The CM-to-Shannon gap is $3.46 - 3.22 = 0.24$ bit, or about $1.3$ dB of SNR at this rate. This is the modulation-capacity loss of 16-QAM — the price of restricting to a finite, uniformly- distributed constellation.

The CM-to-BICM gap is $3.22 - 3.18 = 0.04$ bit, or about $0.2$ dB of SNR. This is the price of using Gray labelling with independent bit-level decoding instead of MLC/MSD.

The punchline

The modulation-capacity loss dominates the Gray-BICM suboptimality by roughly a factor of six in this example, and by even more at high SNR where the Gray-BICM gap shrinks further.

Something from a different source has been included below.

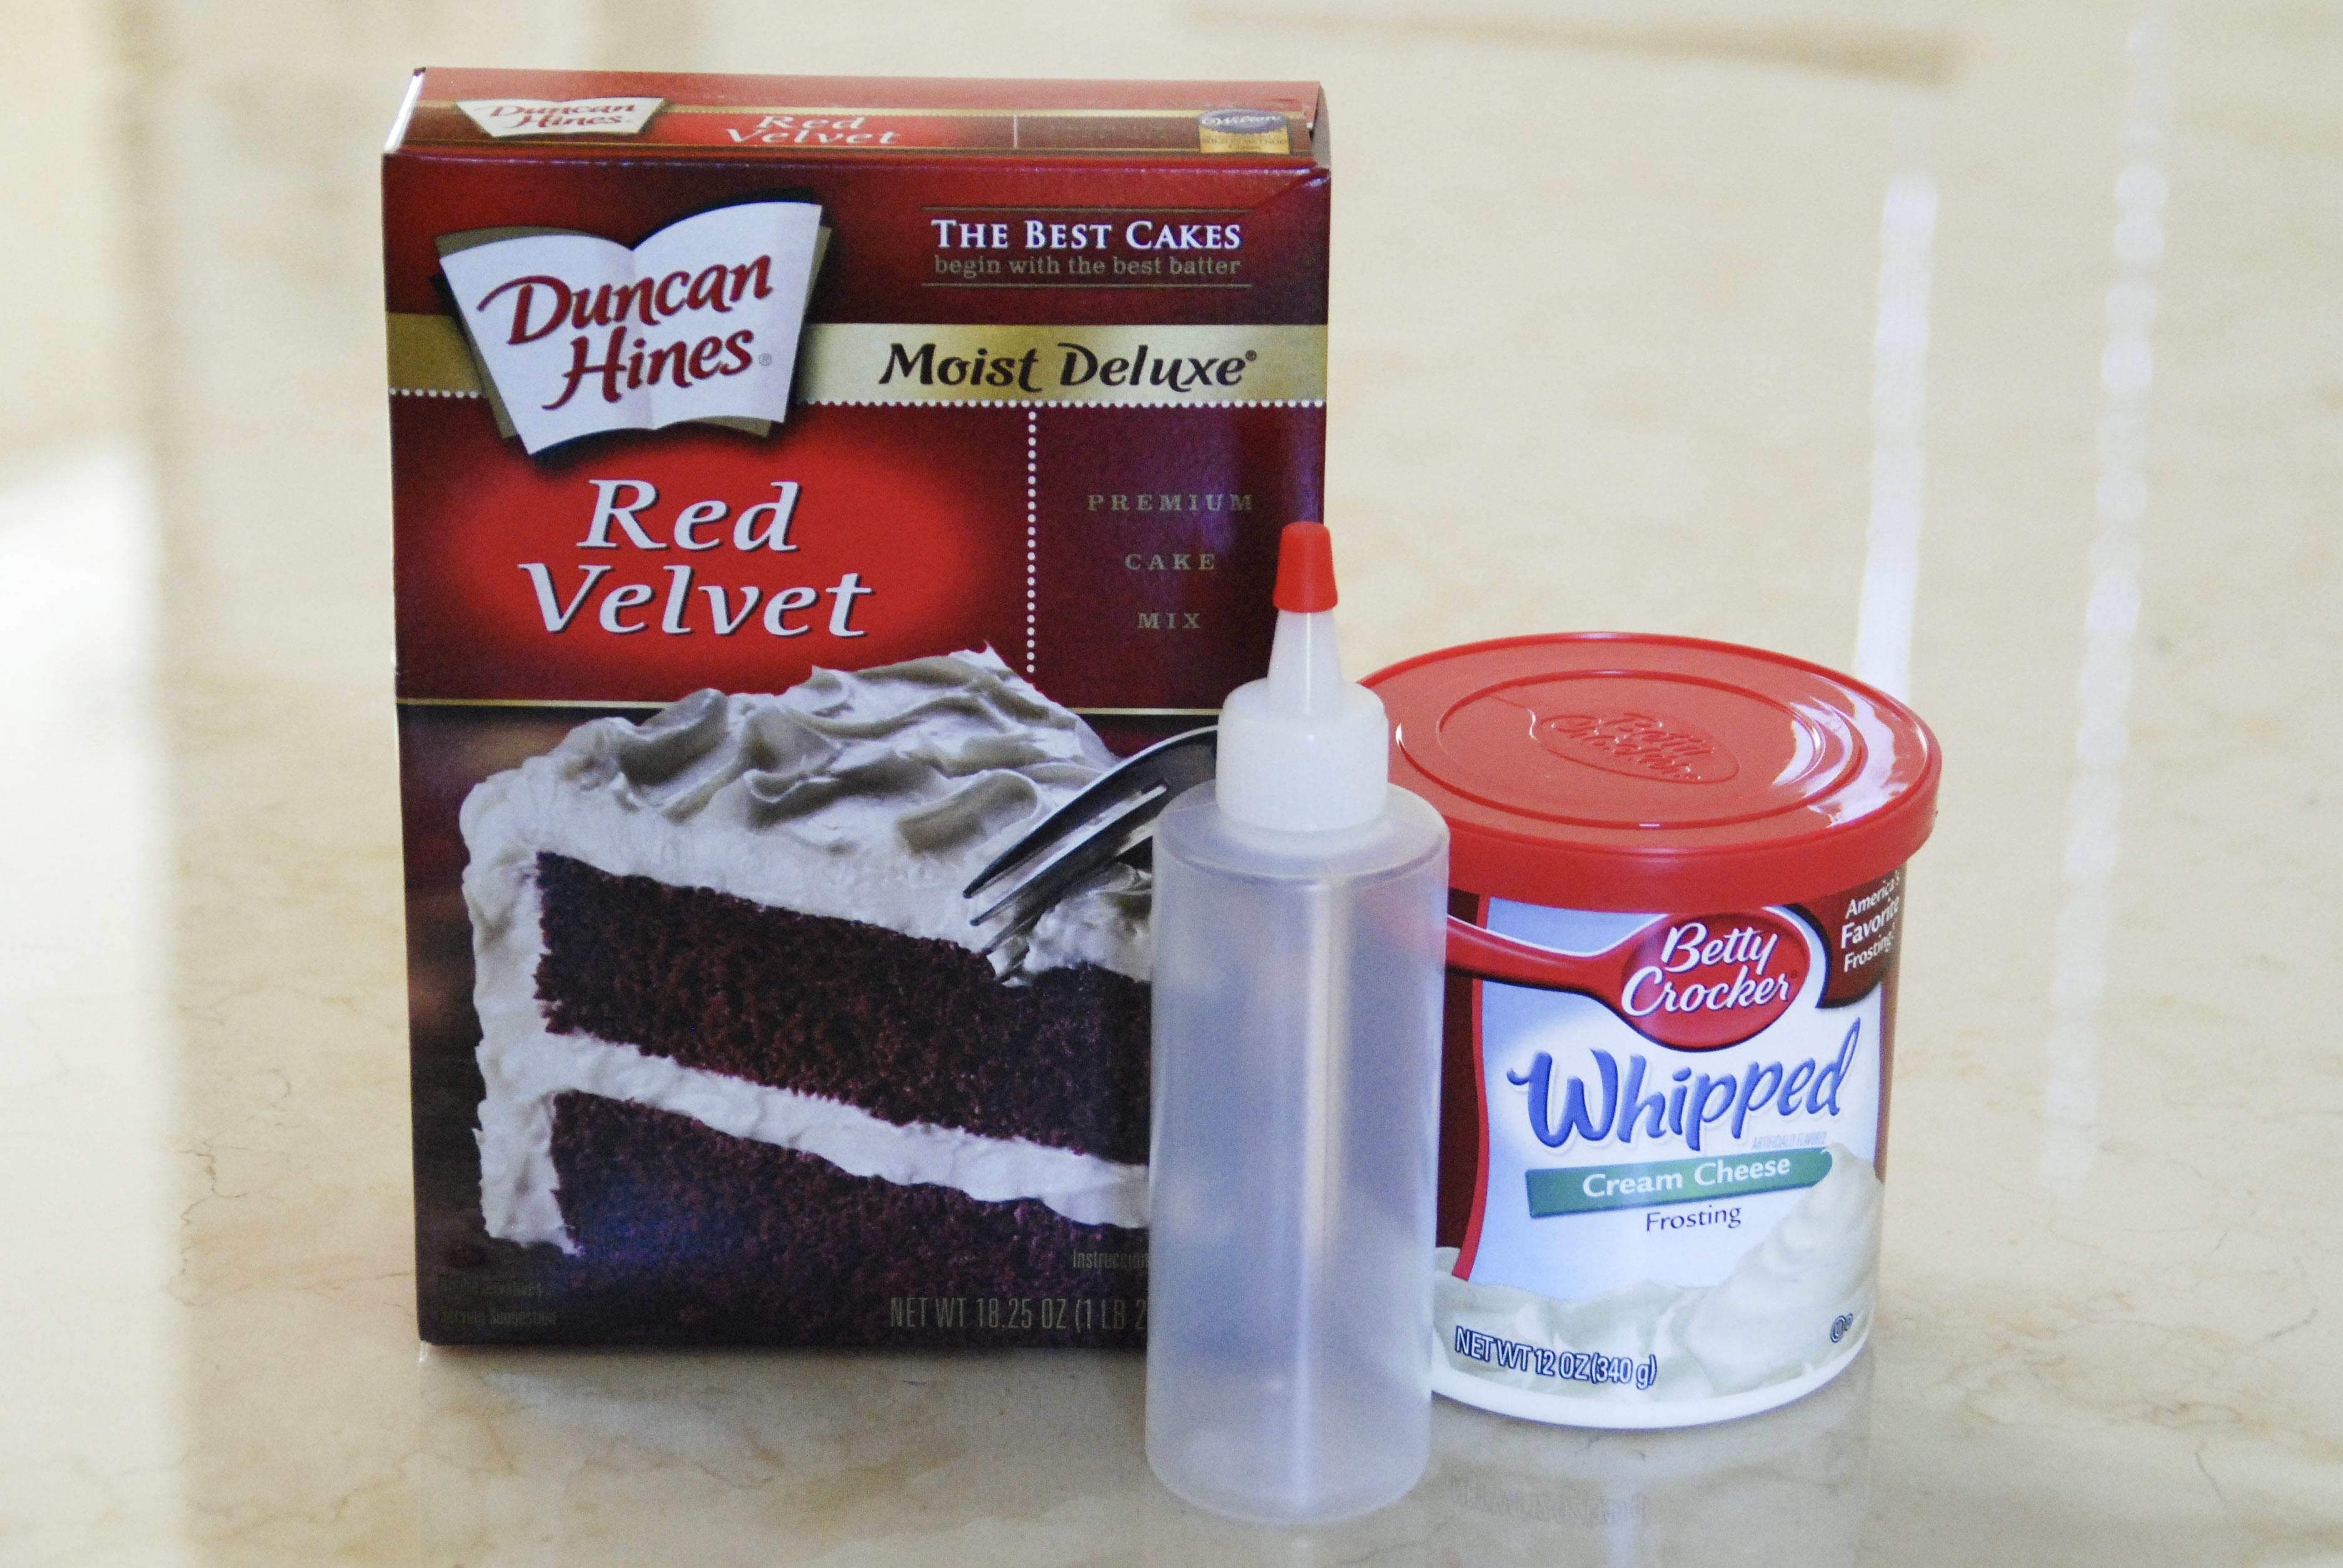 Red Velvet Cake Balls Dipped In Chocolate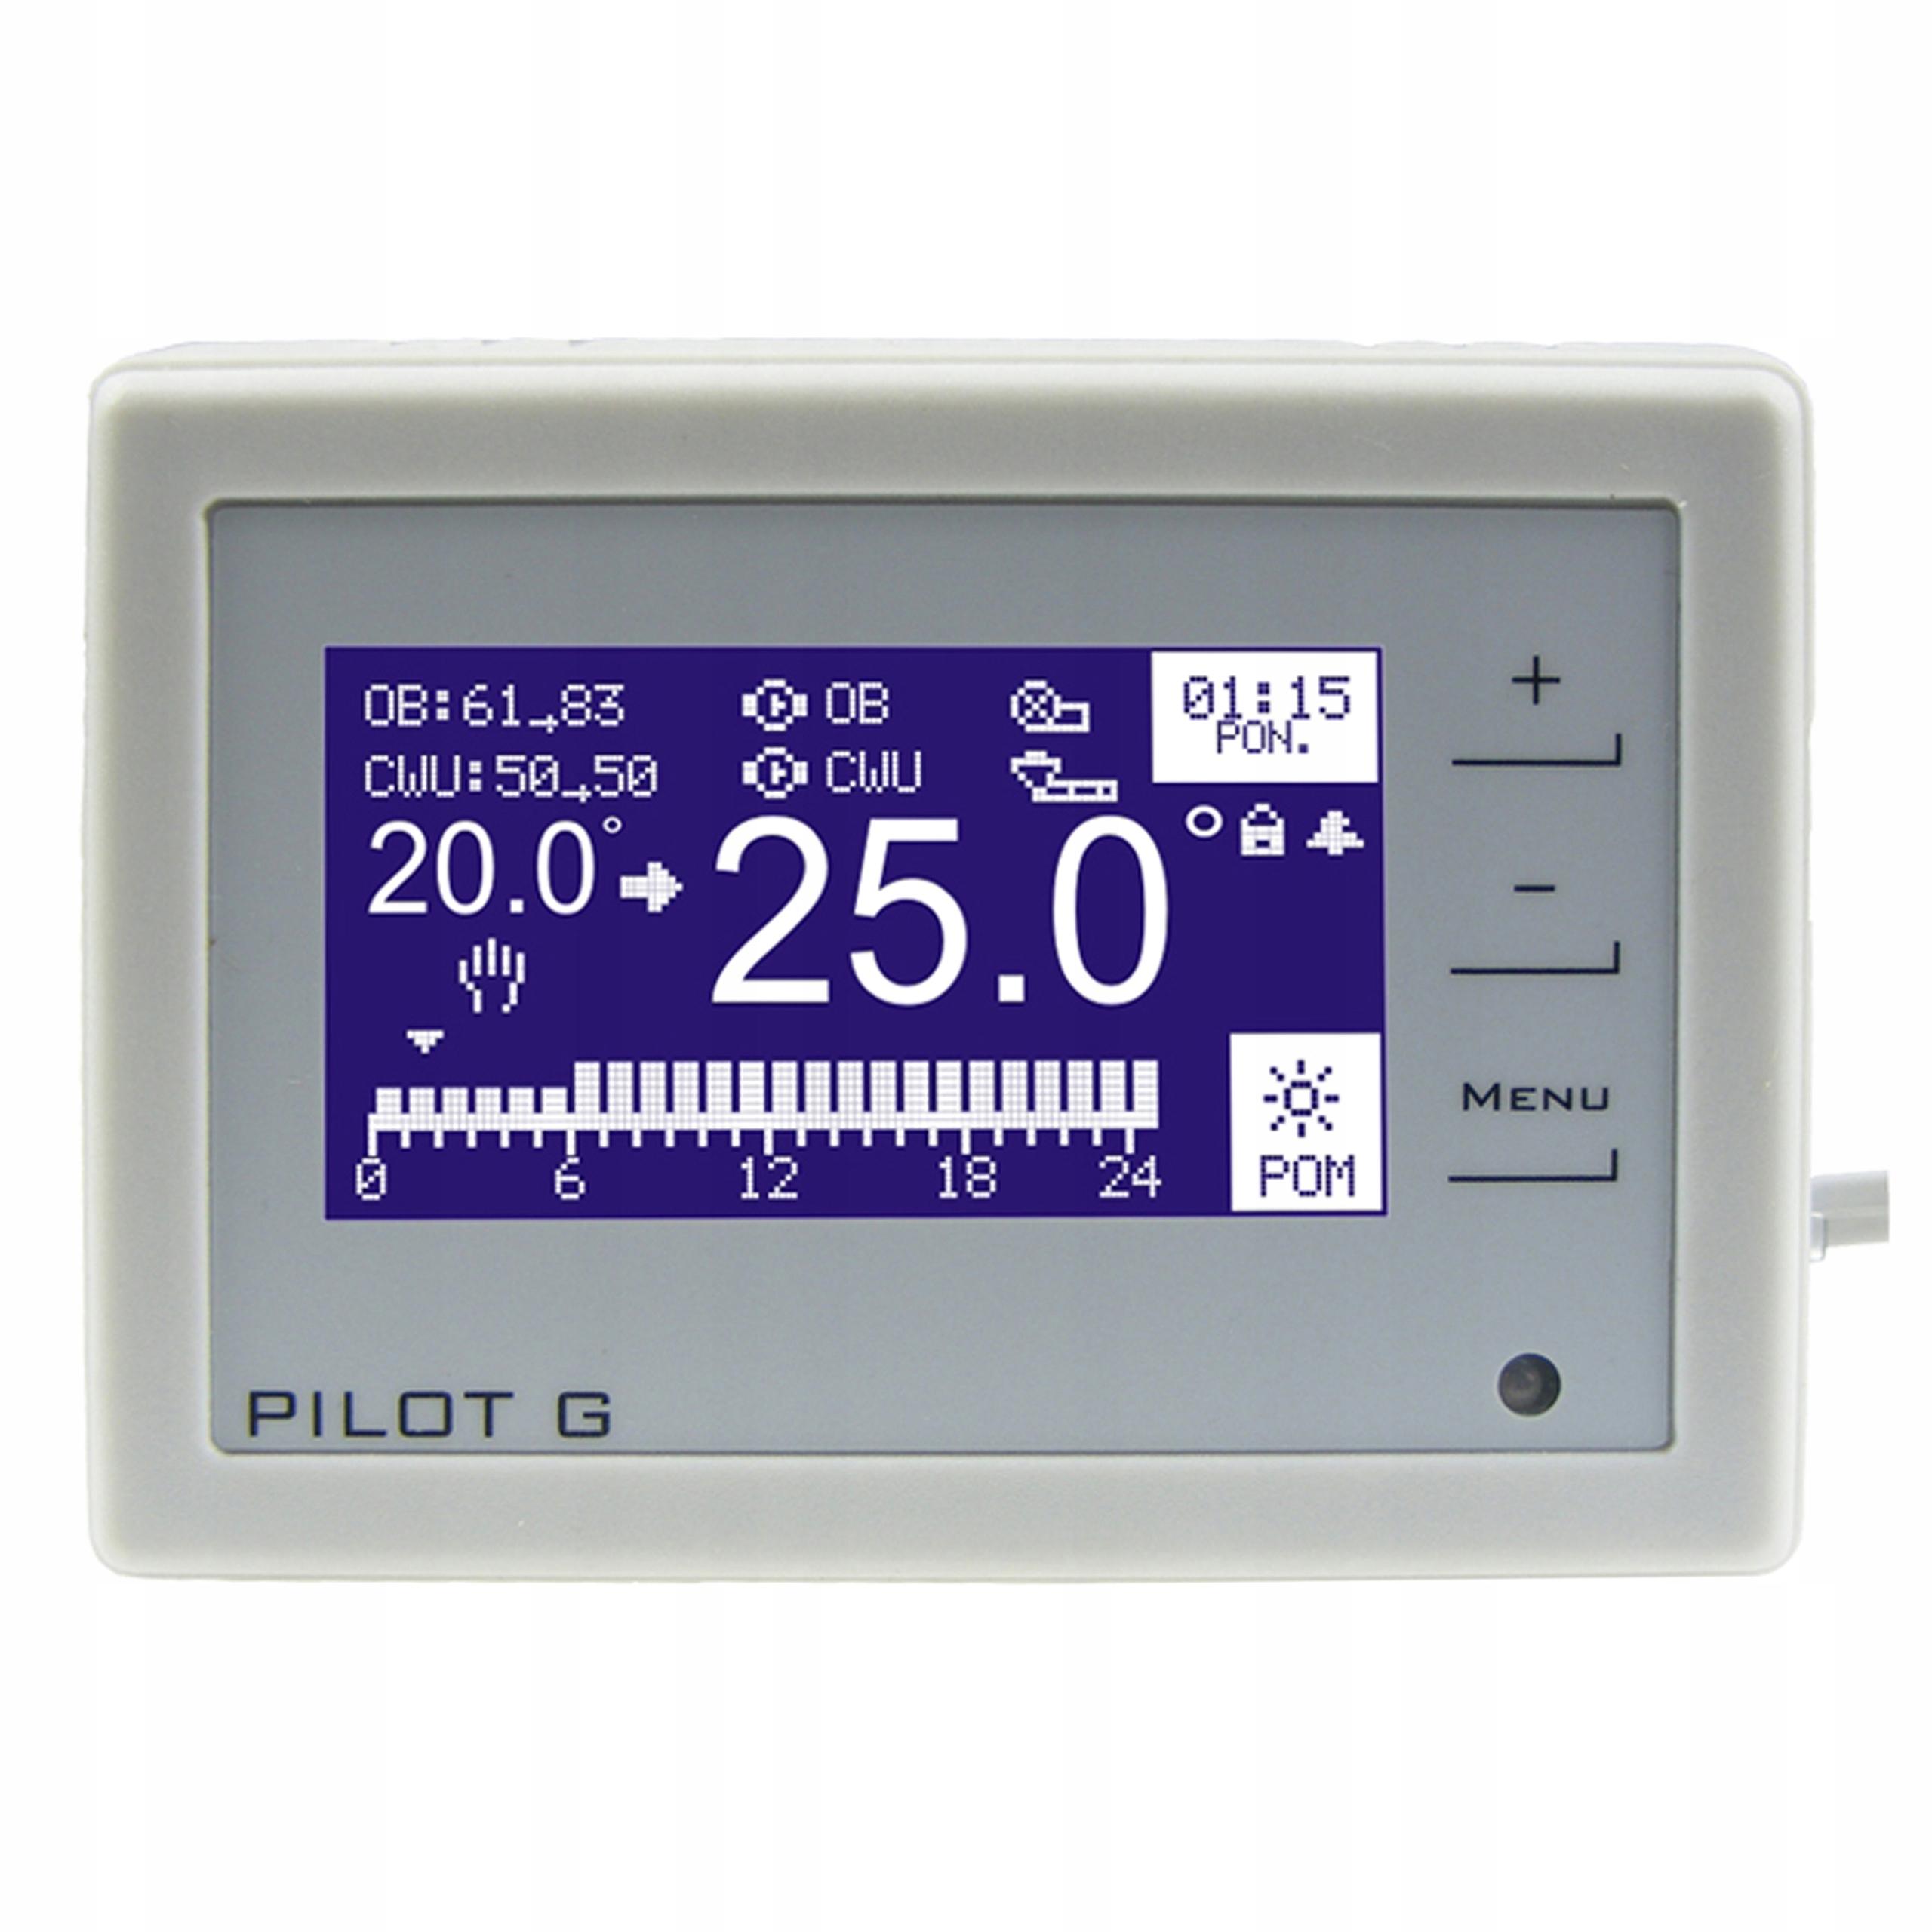 Panel pokojowy PILOT G termostat pokojowy od DOMER

For the designer, the message is clear: if you want to close the gap to Shannon, the first lever to pull is constellation shape (Ch. 4) or constellation size (MCS adaptation) — not MLC vs BICM.

TCM vs MLC/MSD vs BICM — A Structural Comparison

Property	TCM (Ch. 2)	MLC/MSD (Ch. 3)	BICM (Ch. 5)
Number of codes	1 (trellis)	$L = \log_2 M$ (binary)	1 (binary, mother code)
Labelling	Ungerboeck partition	Ungerboeck partition	Gray (typically)
Encoder modularity	Monolithic trellis code	Modular, one per level	Single code + interleaver + mapper
Decoder	Single Viterbi on joint trellis	$L$ sequential binary decoders (MSD)	Single binary decoder + demapper
Capacity achieved	Close to CM at low $L$	$C_{\rm CM}$ (exact)	$C_{\rm BICM}$ (slightly below $C_{\rm CM}$ with Gray)
Rate allocation	One rate, per trellis	$L$ rates (capacity rule)	One rate, per modulation
Error propagation	None (jointly decoded)	Yes (next-stage sensitive to previous)	None (bits independent after demapping)
Historical dominance	V.32 / V.34 modems (1986–96)	Never widely deployed	DVB-S2 / LTE / 5G NR (2004–)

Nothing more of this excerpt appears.